Lucky Phil

G’day there,

Most of my coaching clients have read my book or blog before coming for a lesson. They generally know what to expect and are prepared for a lesson that may be a little different from the norm.

It’s always fun to get someone along who doesn’t know anything about me and who think that they’ll be taught something new about their grip, stance or swing. Phil turned up on Friday, he was keen, excited but had no idea what was about to happen to his golf game.

The lesson started with him taking some easy shots to get warmed up. We chatted a little so I could understand his golfing background and learn what he would like to achieve. Before long Phil was making some comments about his swing and the outcome of certain shots;

“Hit it right…must have swung too quickly” and “I need to feel that my left arm is solid if I’m going to hit a good shot”

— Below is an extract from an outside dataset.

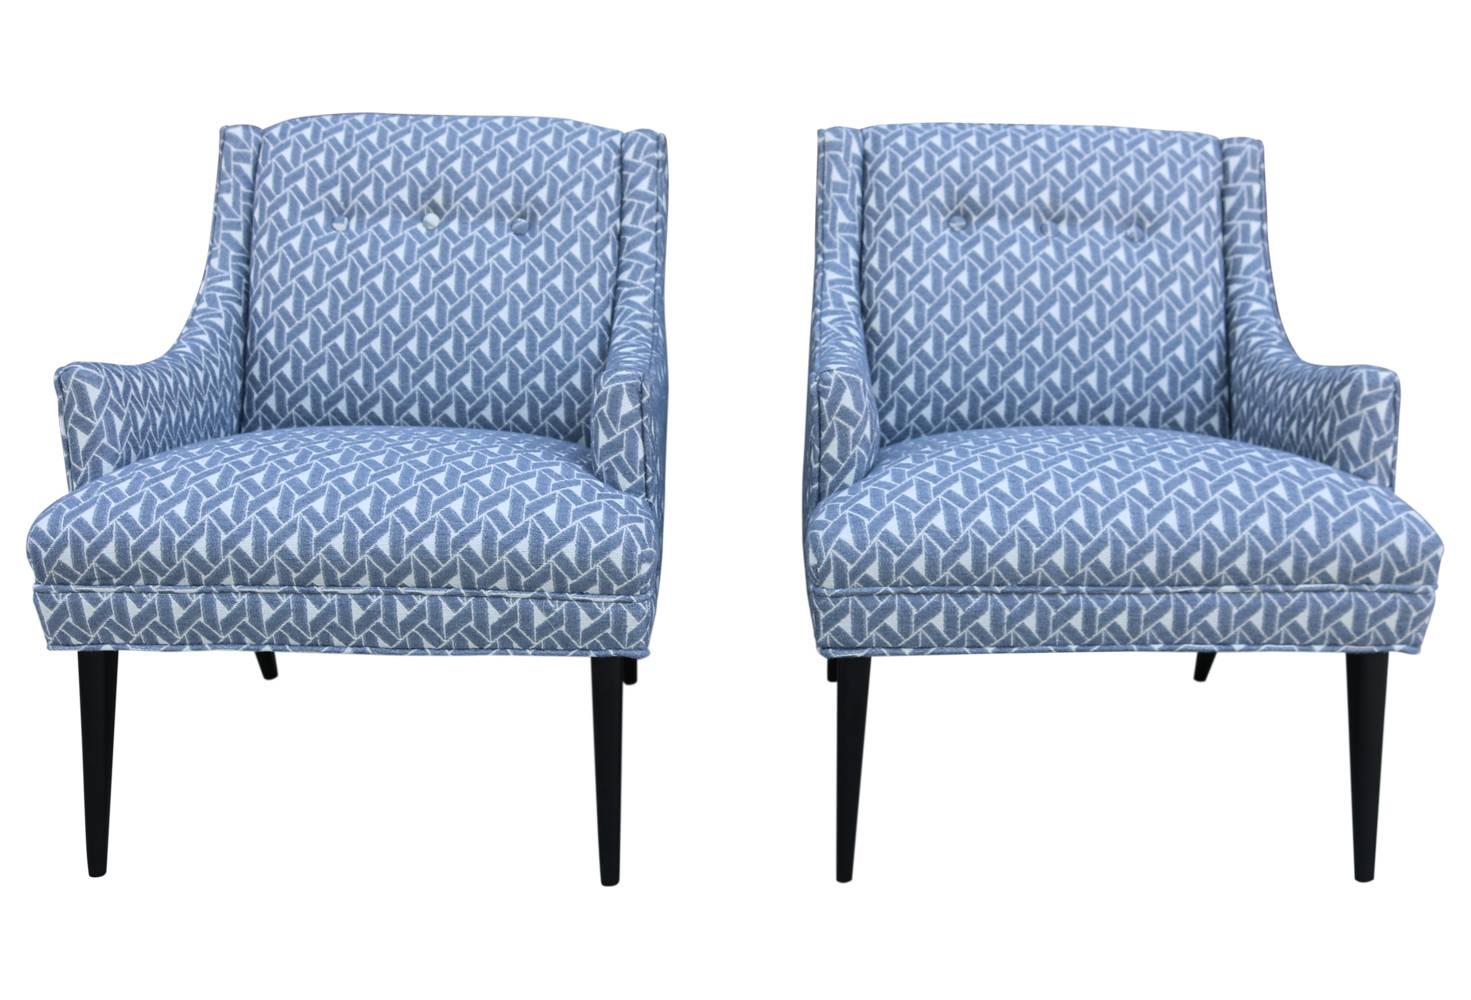 These are adorable, petite and perfect for a cozy space! These Mid-Century armchairs have been lovingly restored, legs ebonized and covered in a lovely, plush geometric fabric.

This had me fascinated. I hadn’t asked for comments but his dialogue was free flowing. I asked him to keep swinging and telling me more about what he thought was happening with his game.

“I need to swing slowly…keep balanced, make sure I feel solid, follow through to the target…”

Each shot was followed by a commentary of what had happened and a cure for any poor result. He had no shortage of rules and regulations to keep him busy. At one point I counted eight things he was trying to do with his swing. Was there any wonder why Phil was struggling with his golf game?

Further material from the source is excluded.